» TASK REQUIREMENTS
Only the pictures are to be dropped; return all other data below exactly.

» SUPPLIED MATERIAL
──────
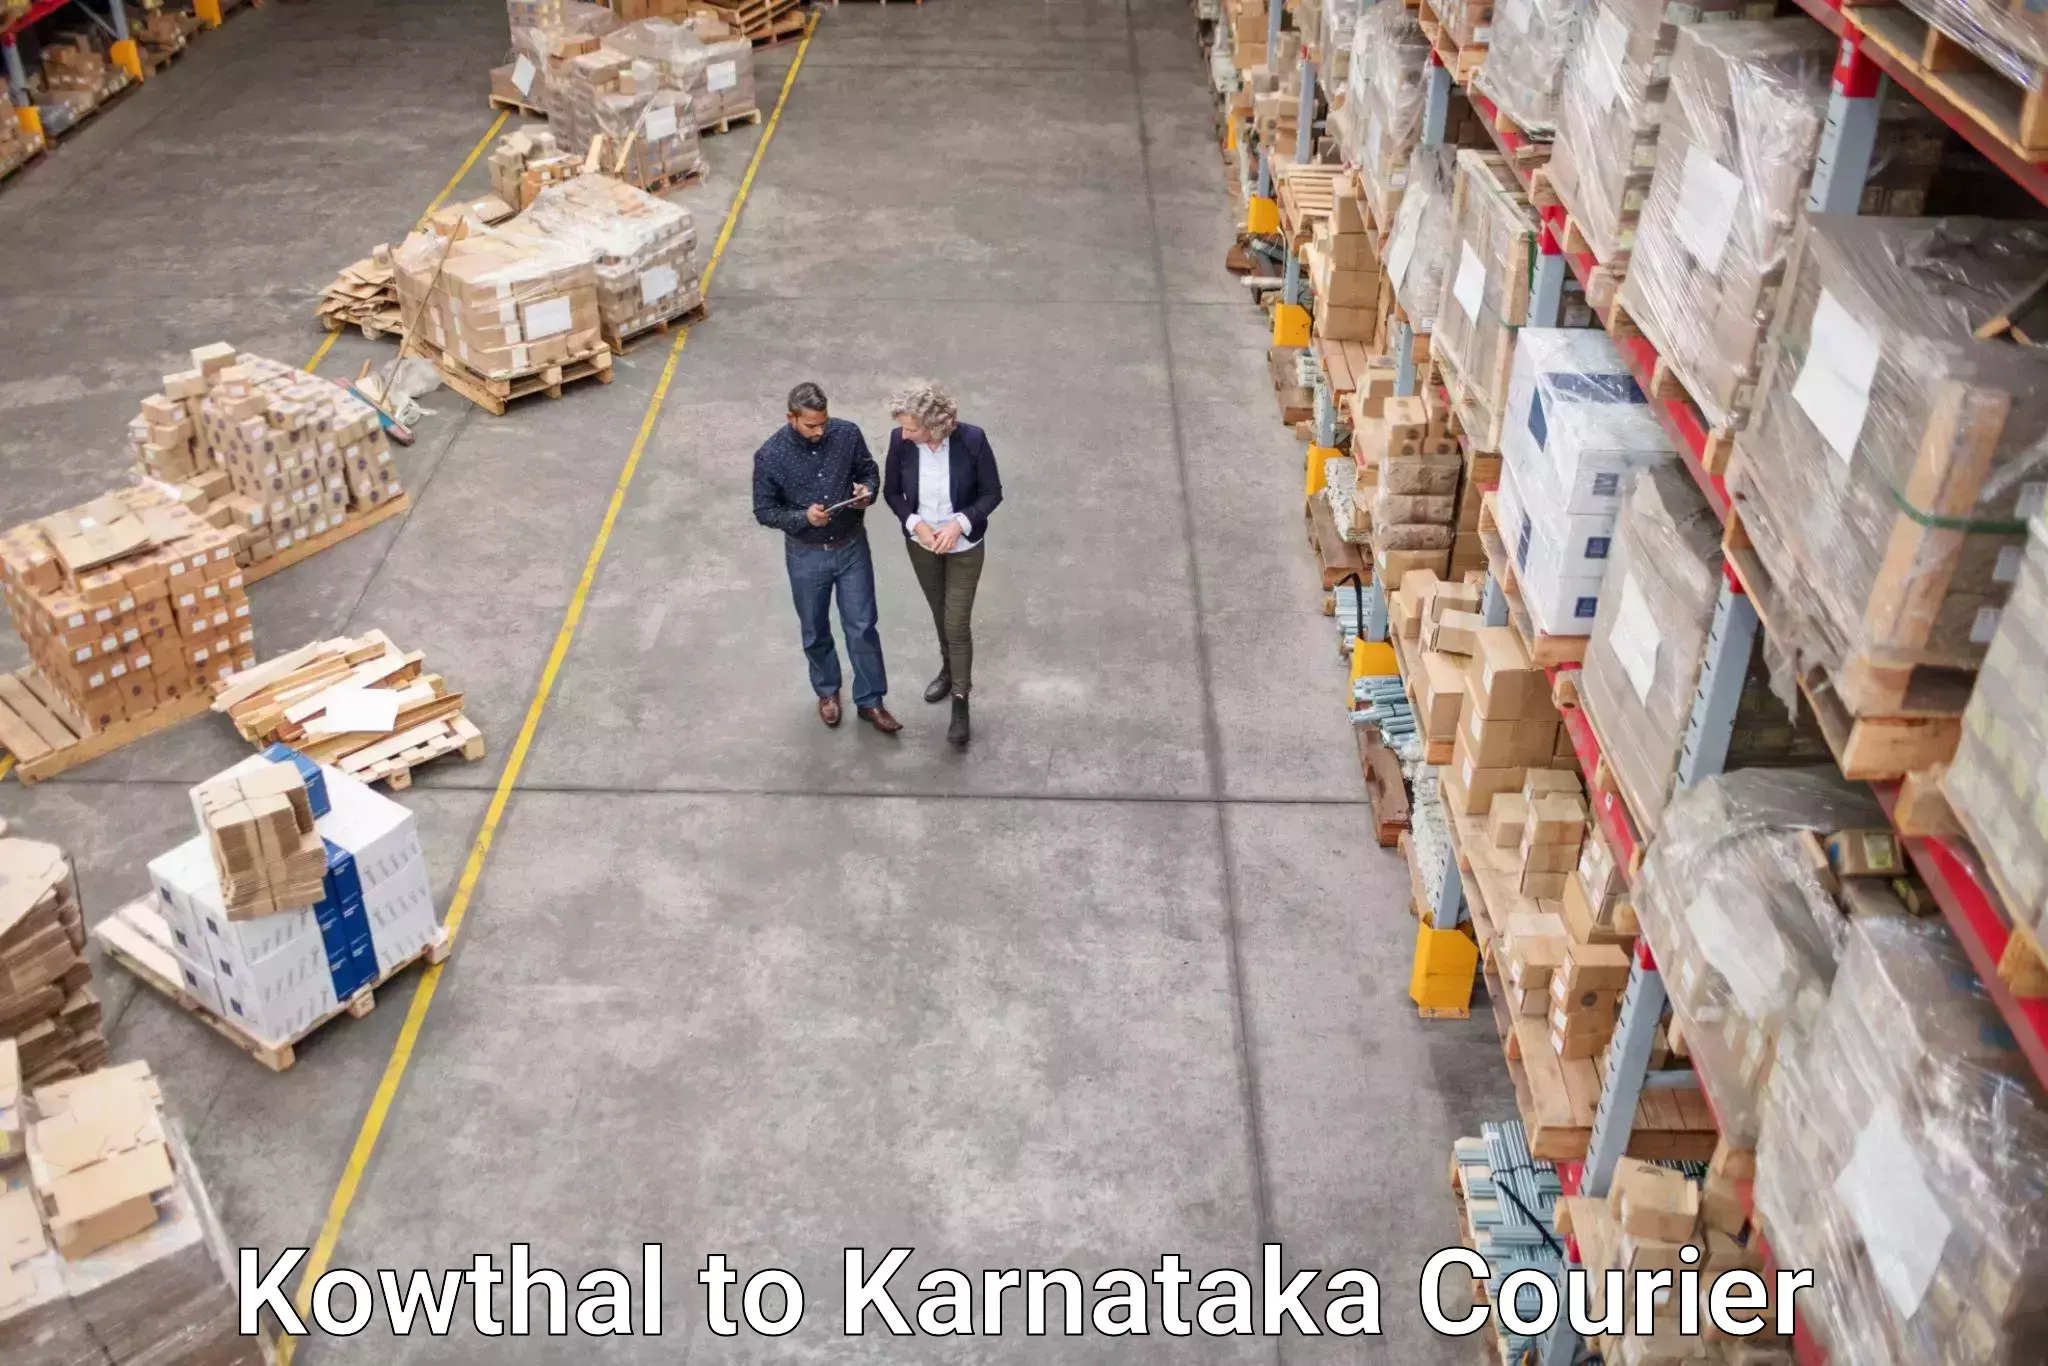 Package delivery network Kowthal to Karnataka
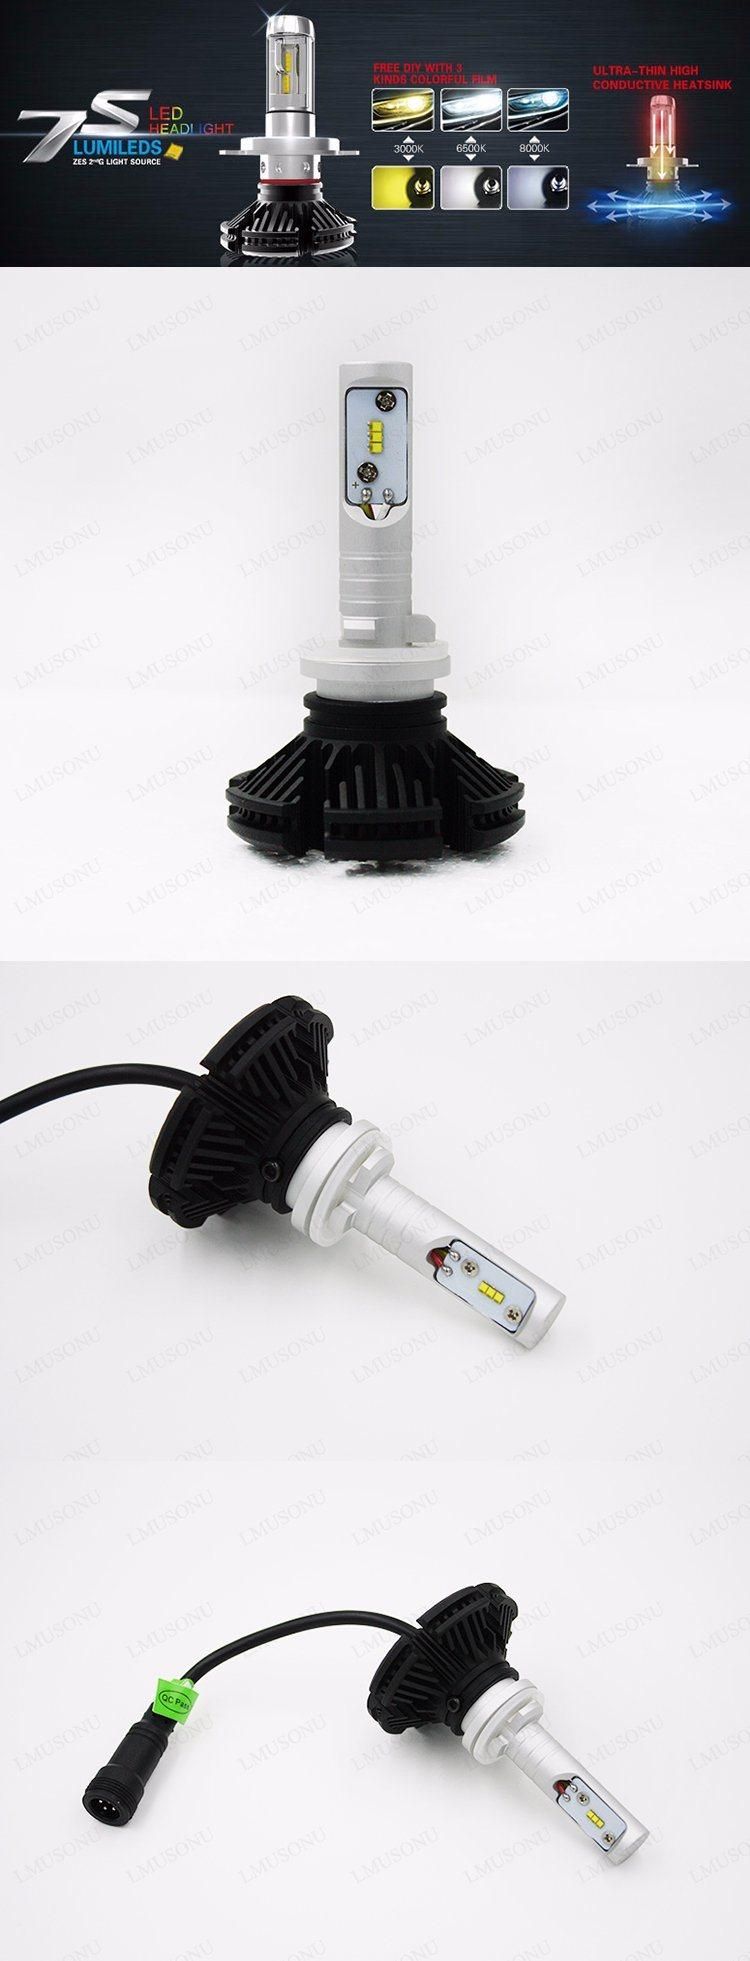 Lmusonu Car 7s 880 LED Headlight 25W 6000lm Waterproof IP67 Fanless Design
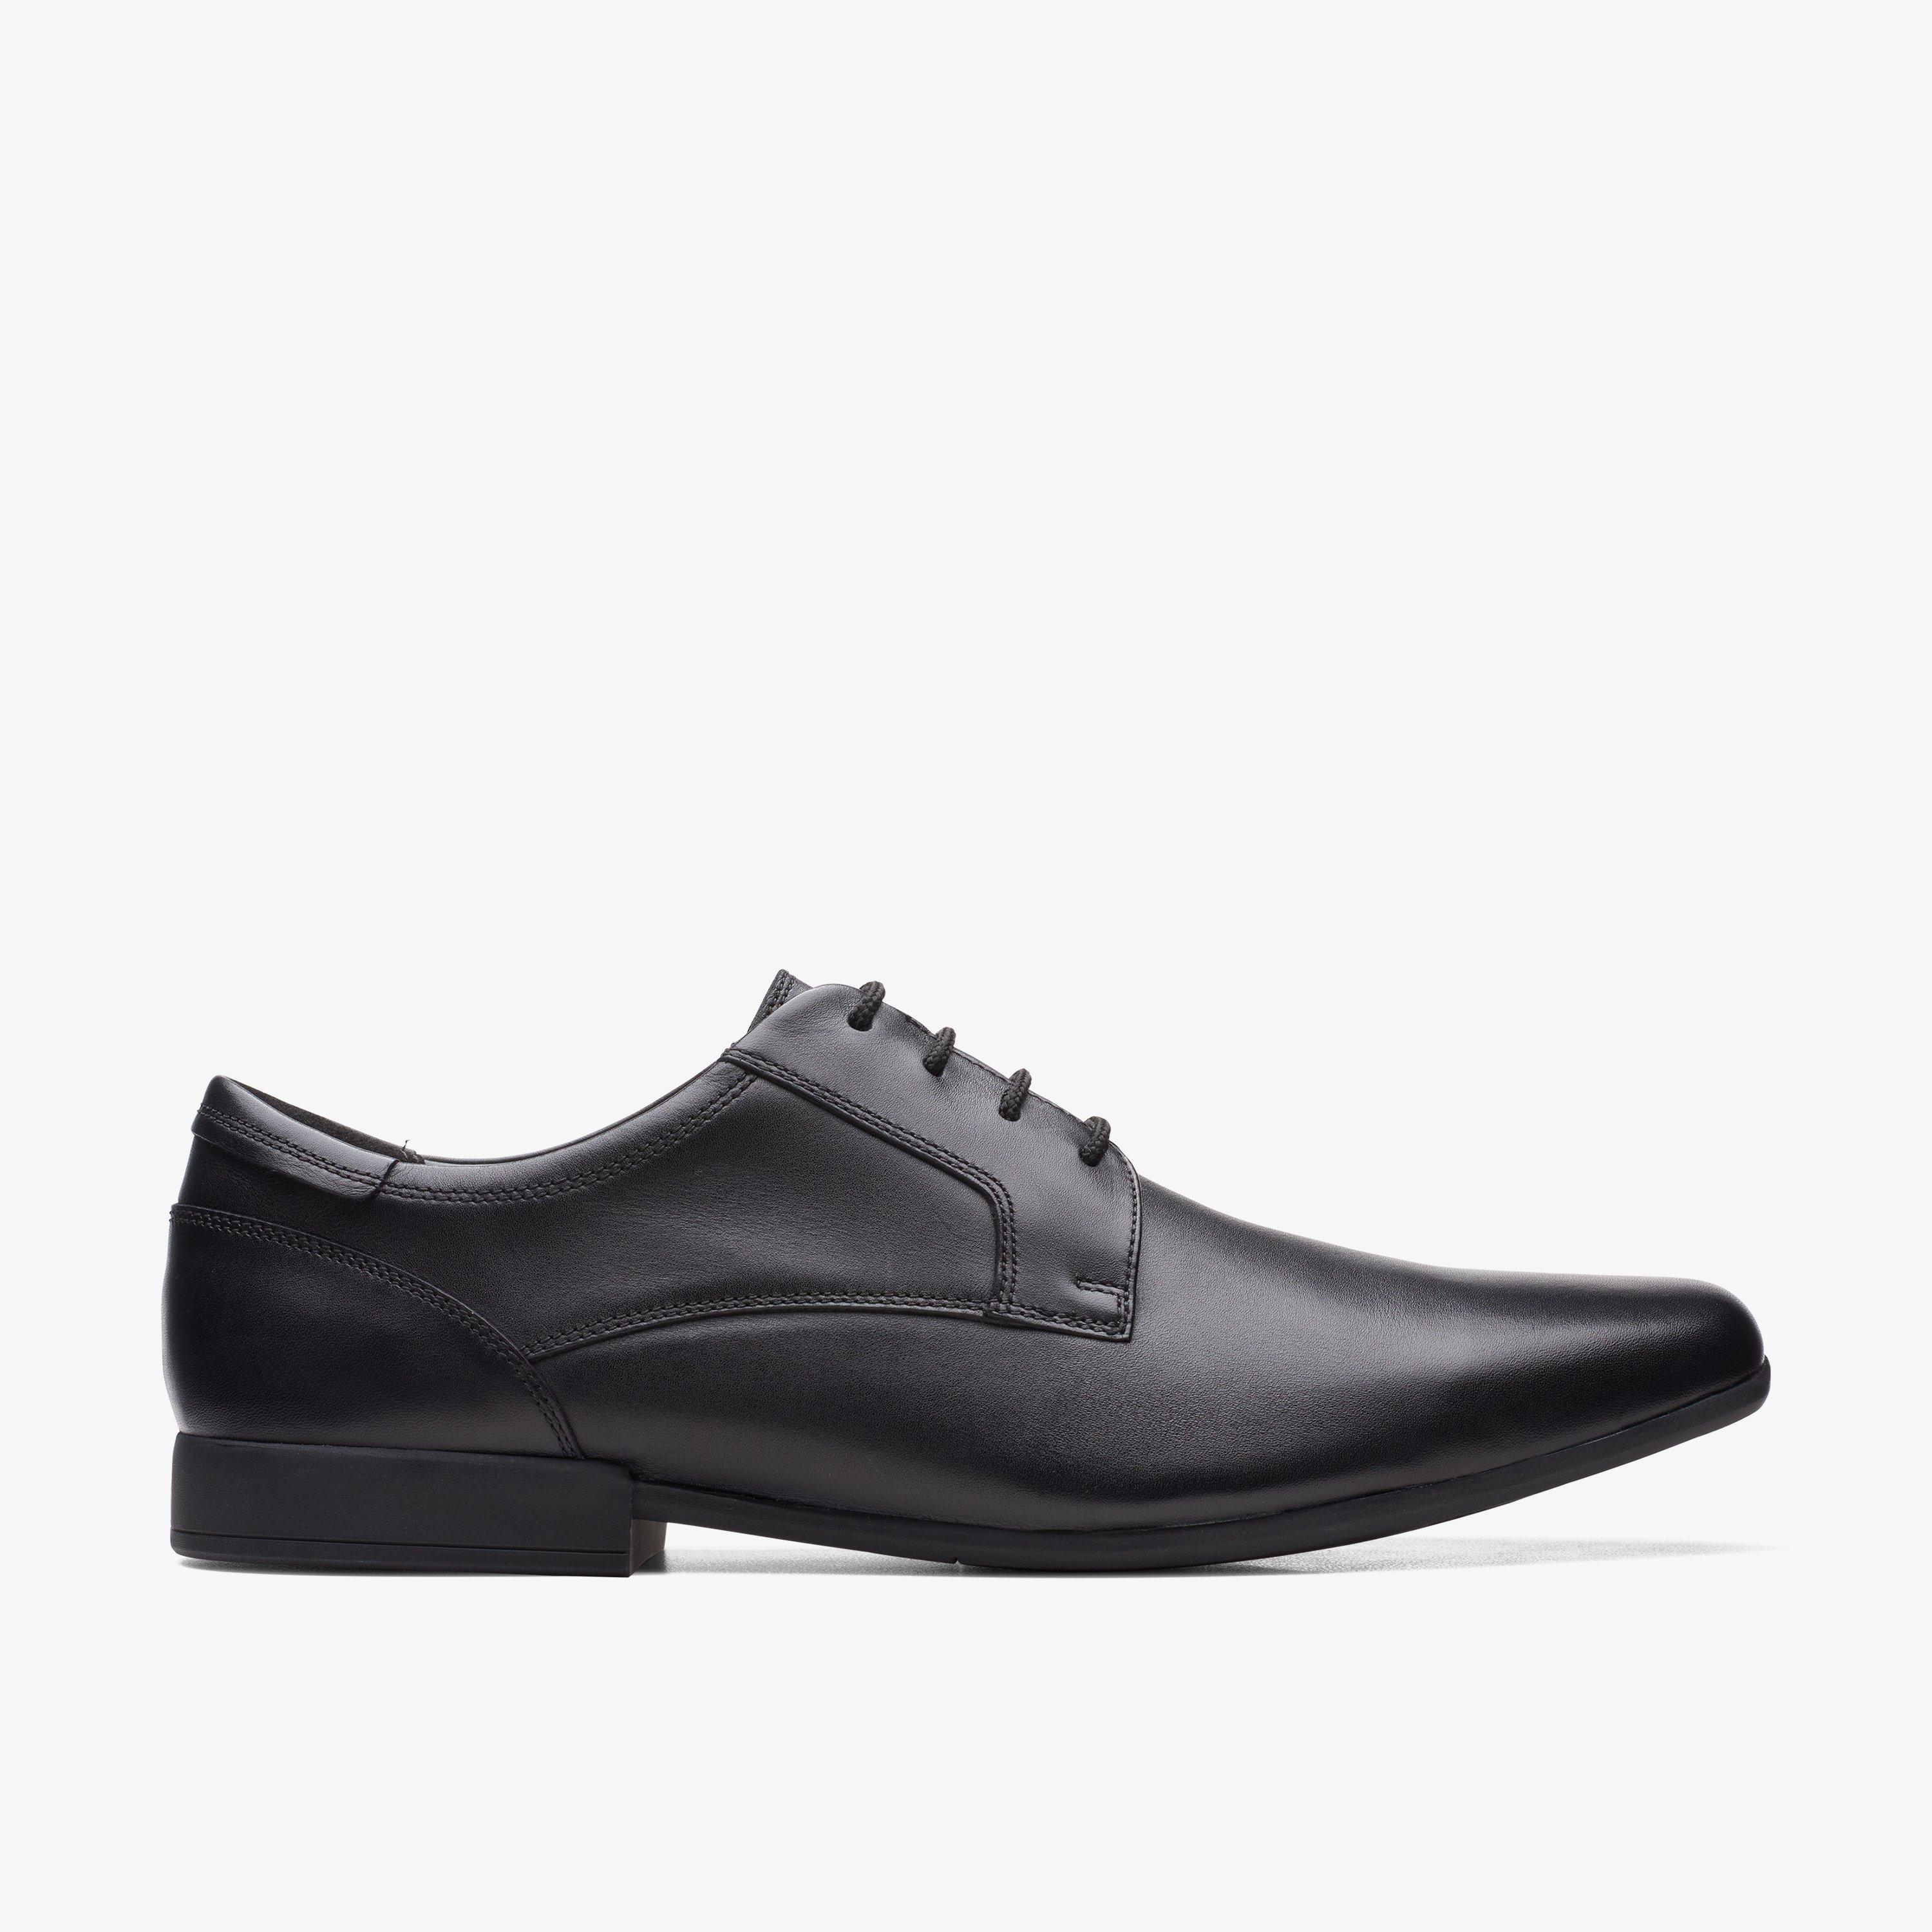 Size 12 Clarks Sidton Lace Black Leather shoes
──────
» EXERCISE RESULT
 Package delivery network Kowthal to Karnataka
 Lmusonu Car 7s 880 LED Headlight 25W 6000lm Waterproof IP67 Fanless Design
 Size 12 Clarks Sidton Lace Black Leather shoes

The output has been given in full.